▶ INSTRUCTIONS FOR THE TASK
Exactly as written, return all the data, leaving its pictures behind.

▶ COLLECTED DATA
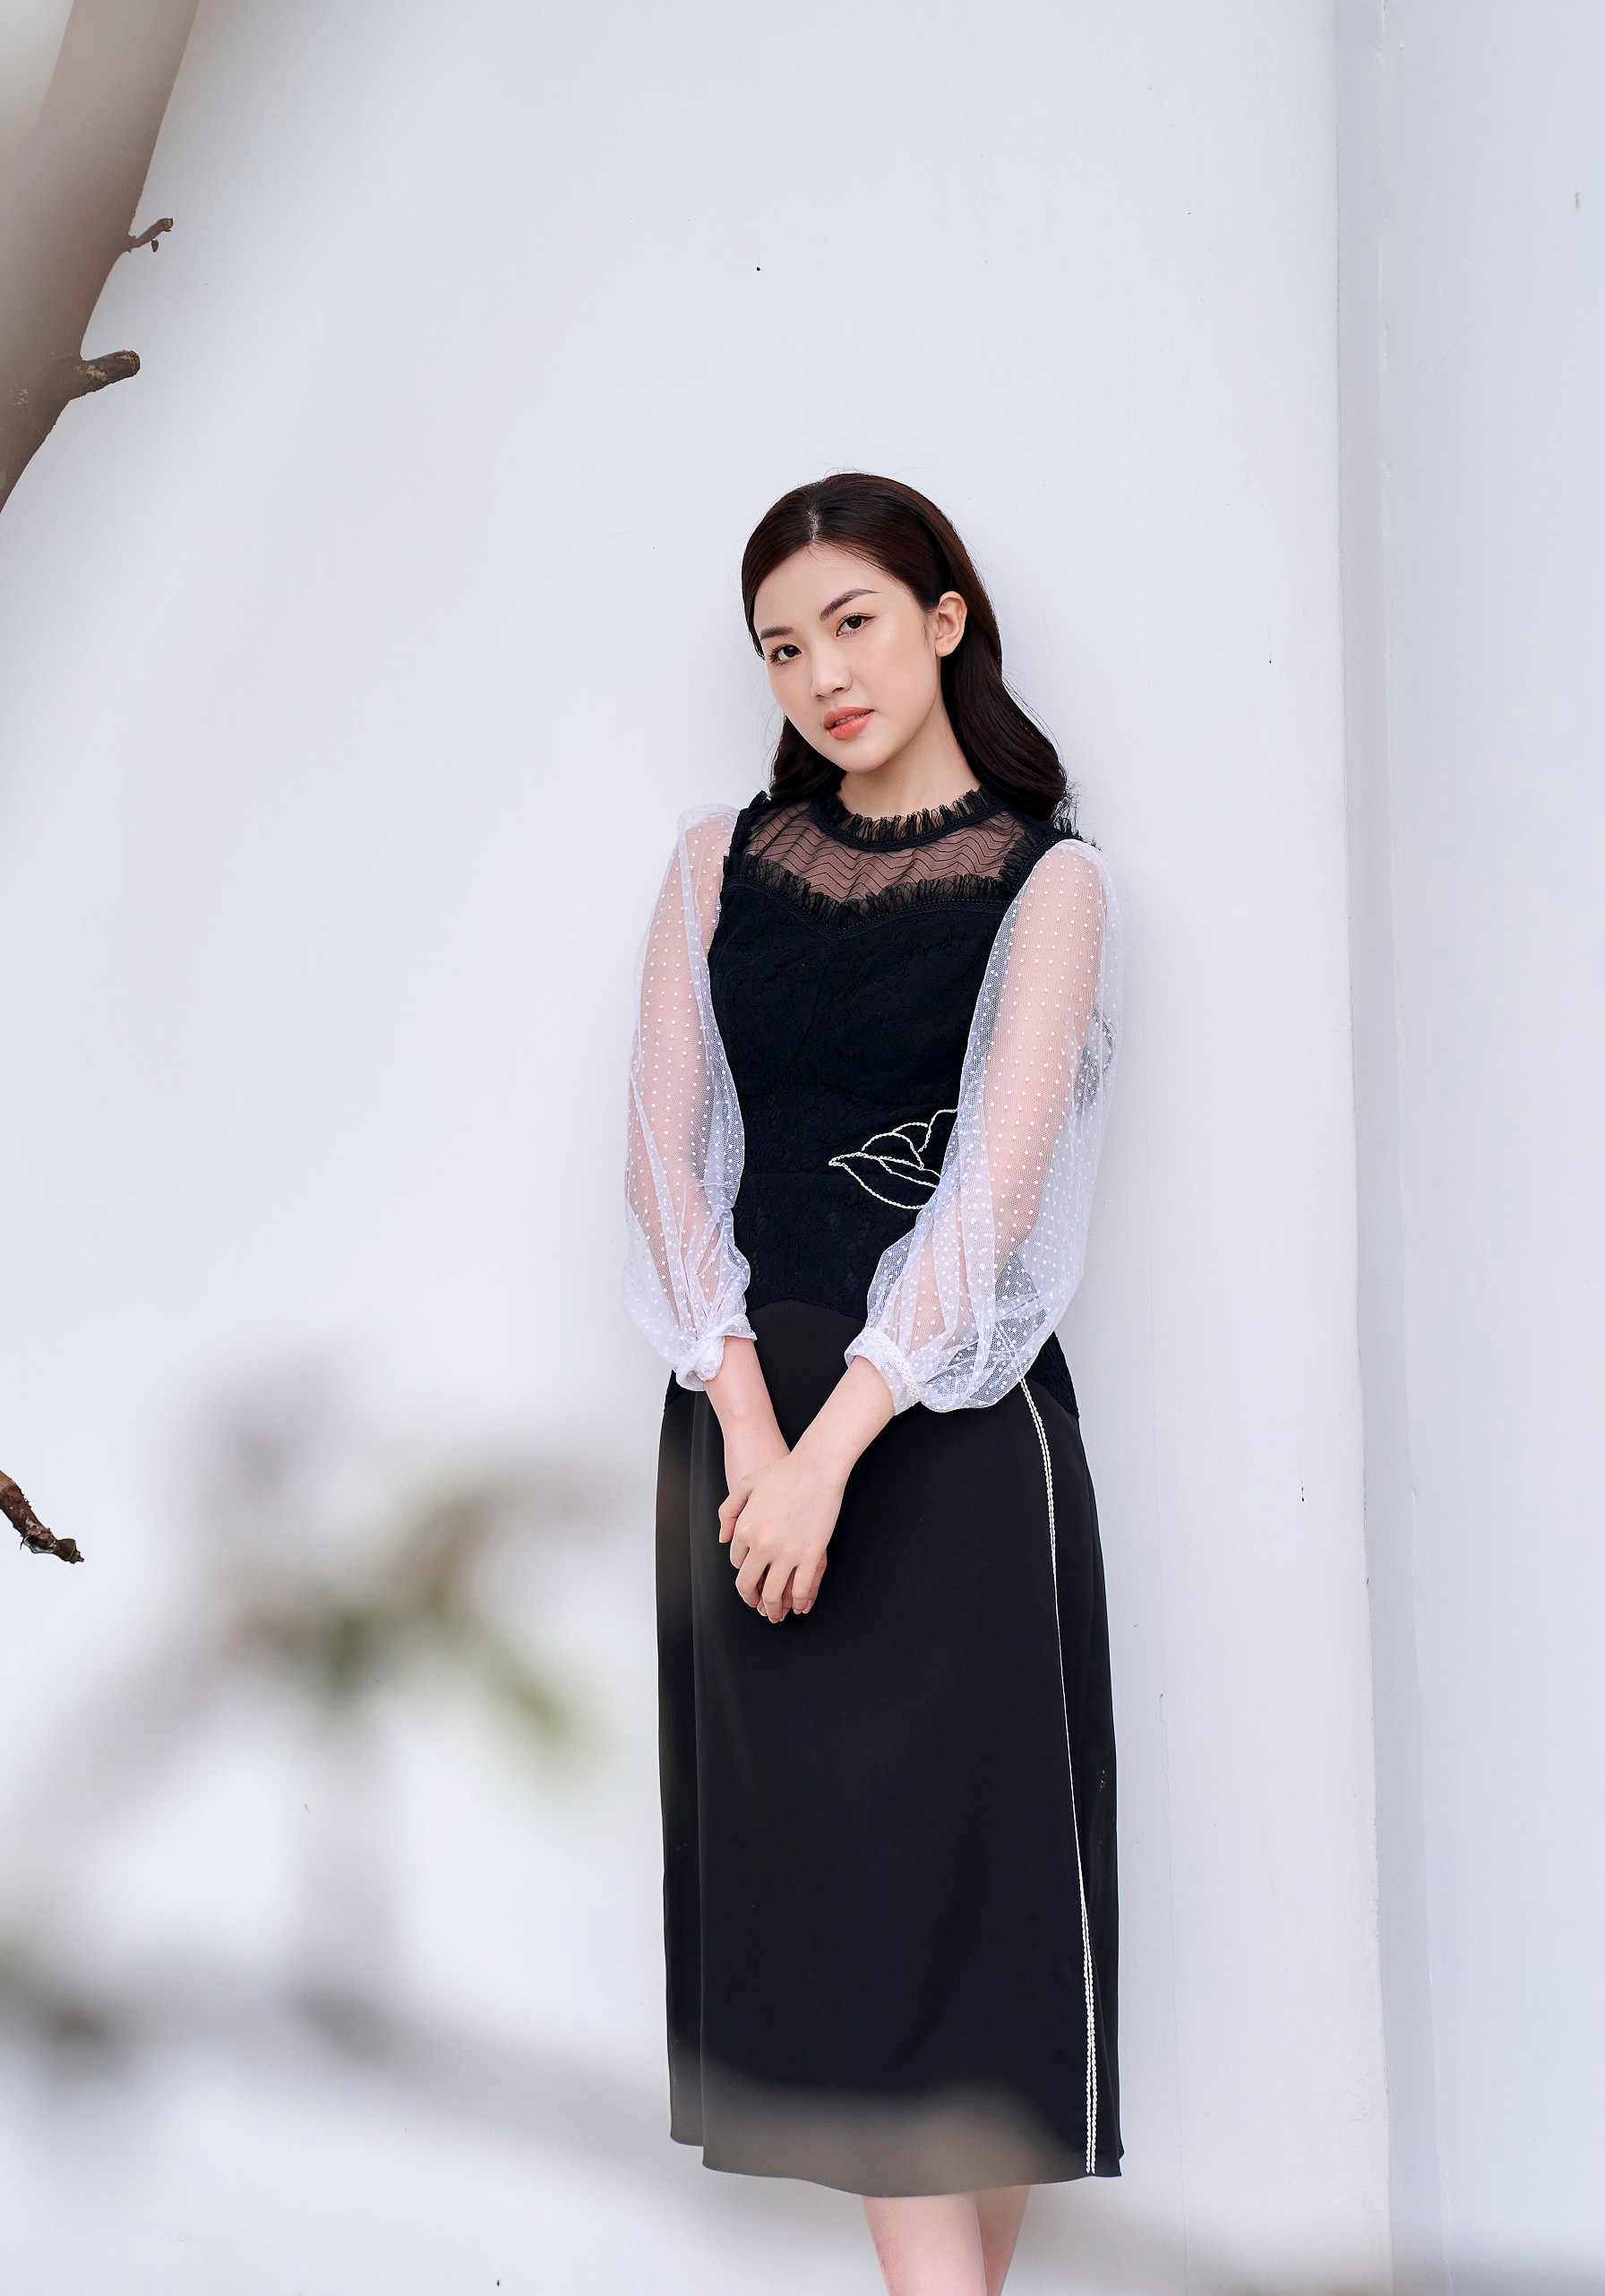 Diễn viên Lương Thanh cuốn hút trong trang phục đen - trắng
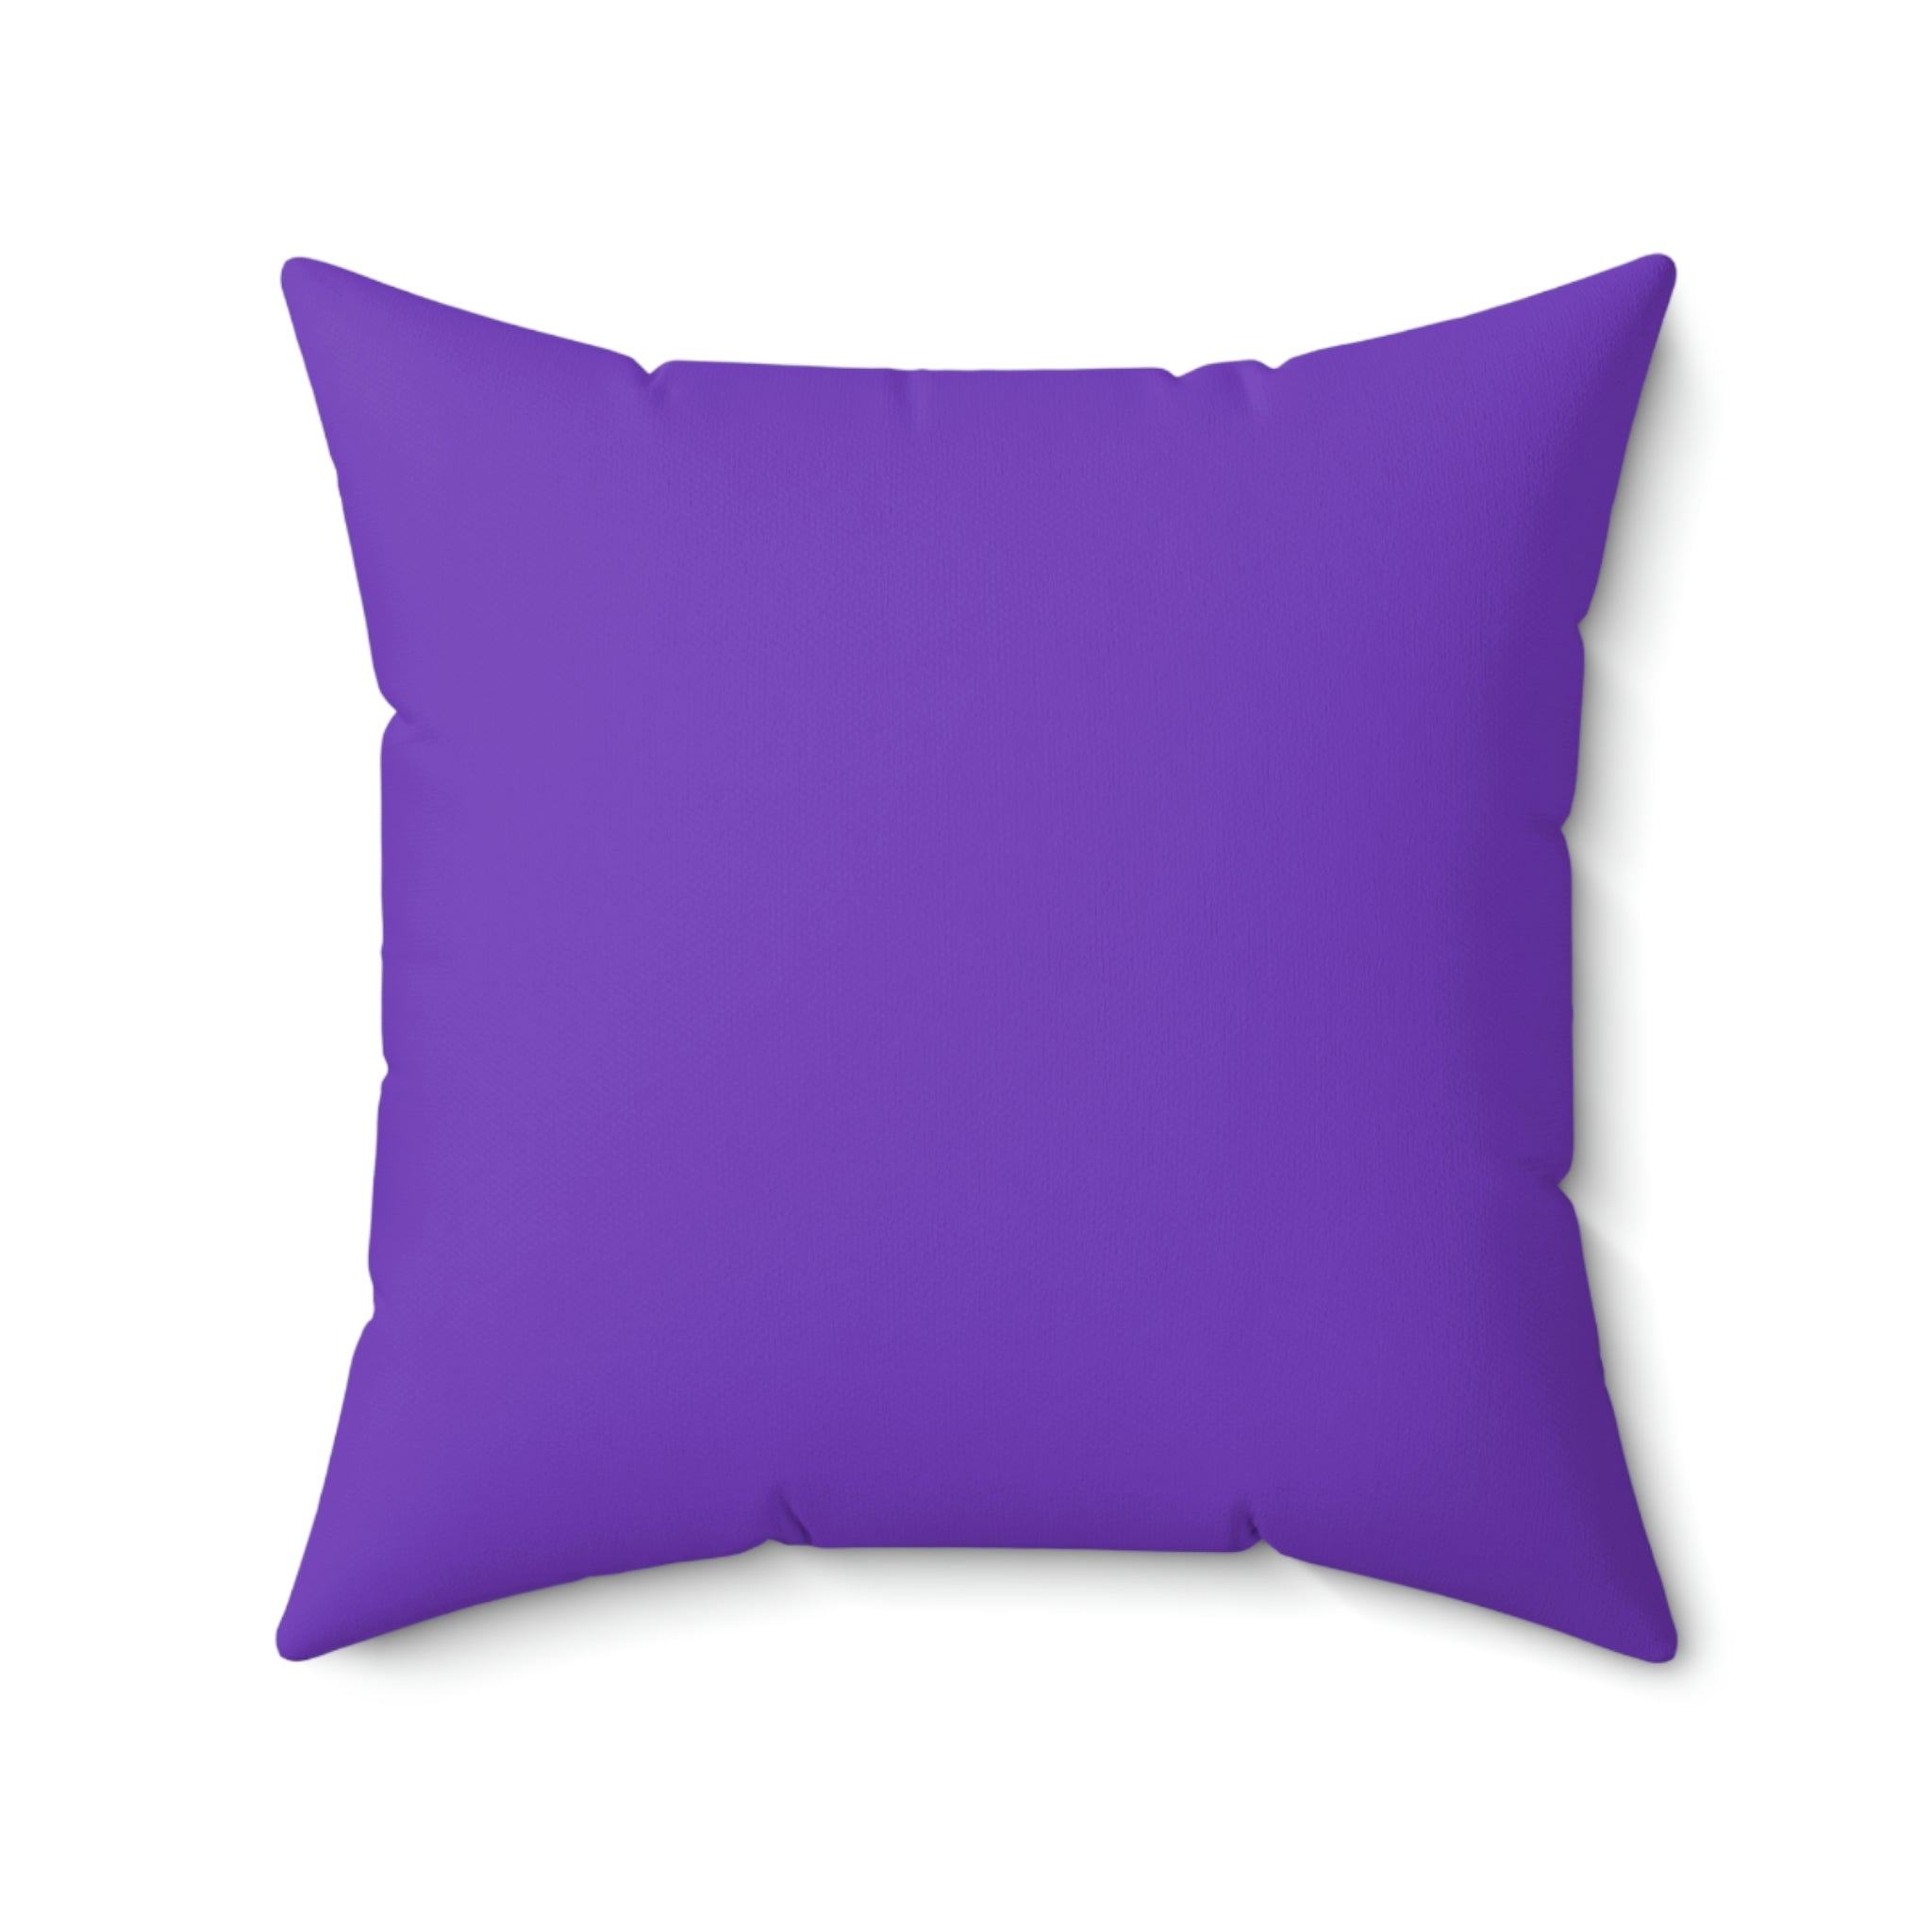 Spun Polyester Pillow Jack purple
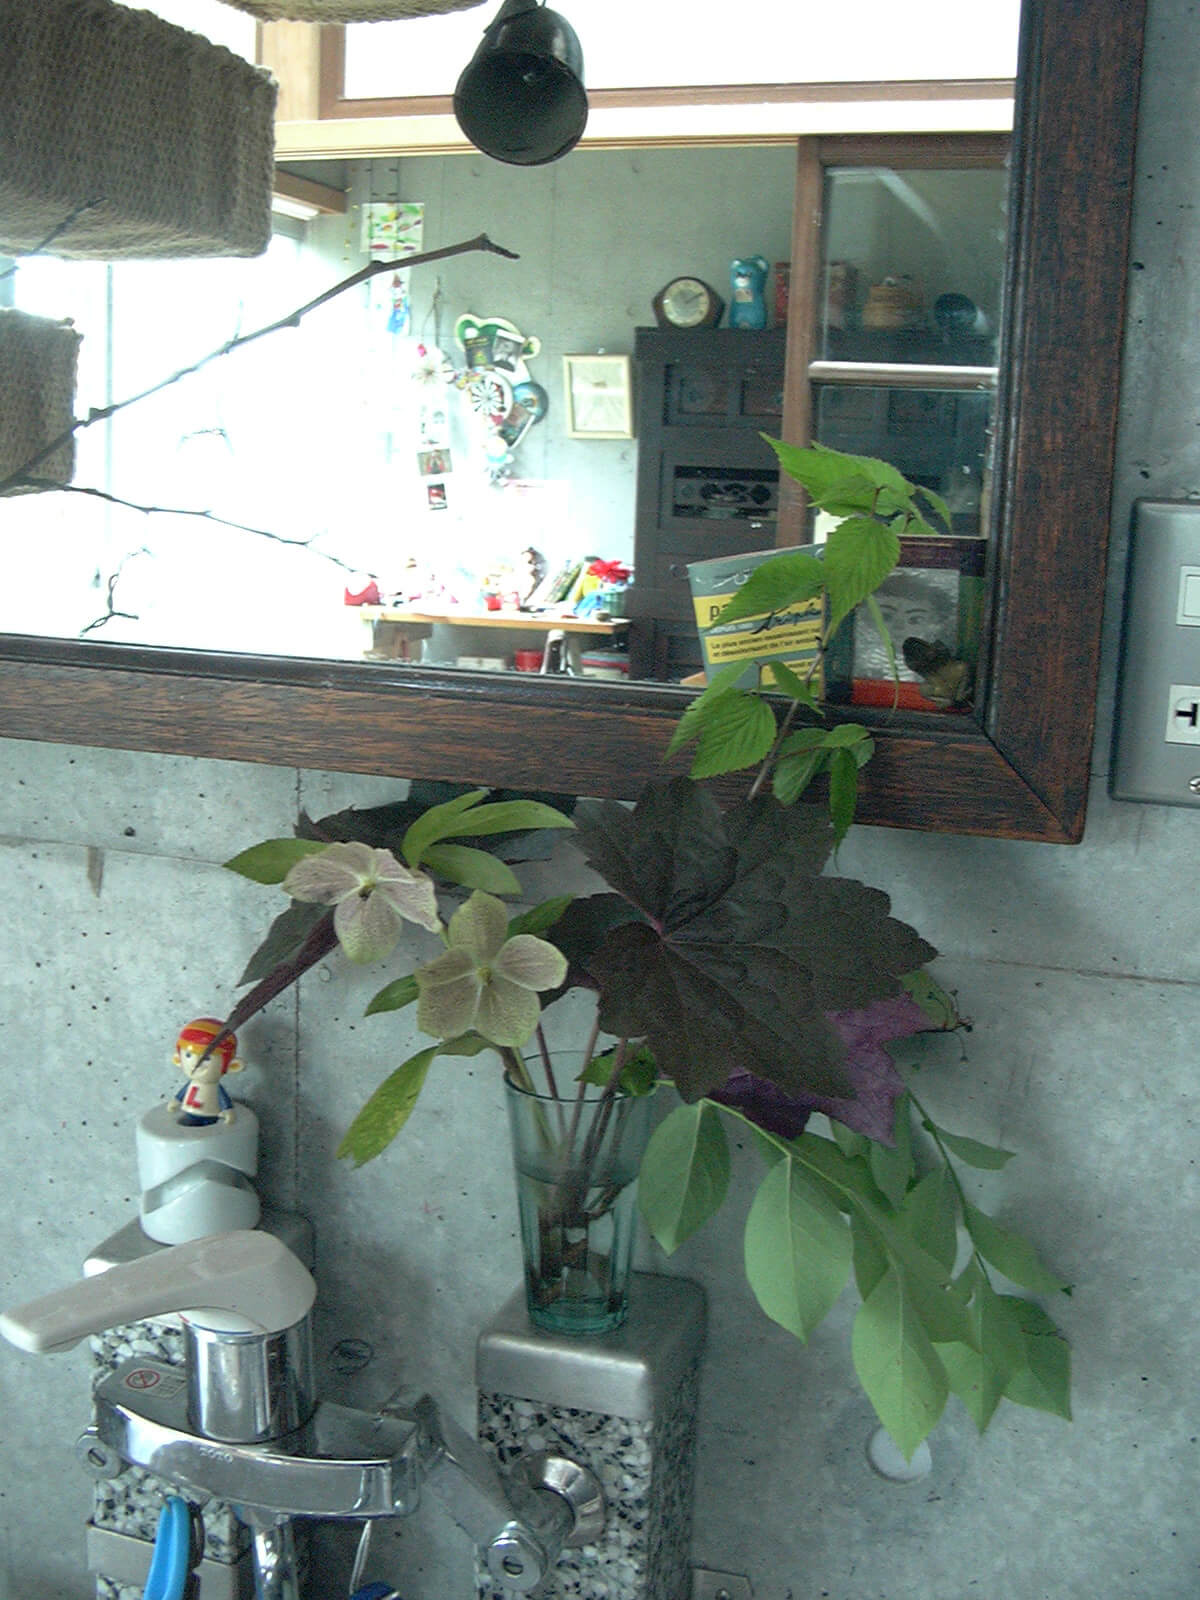 洗面所に飾られた、コップに活けられた複数の種類の葉

▶ EXERCISE SOLUTION
 Diễn viên Lương Thanh cuốn hút trong trang phục đen - trắng
 Spun Polyester Pillow Jack purple
 洗面所に飾られた、コップに活けられた複数の種類の葉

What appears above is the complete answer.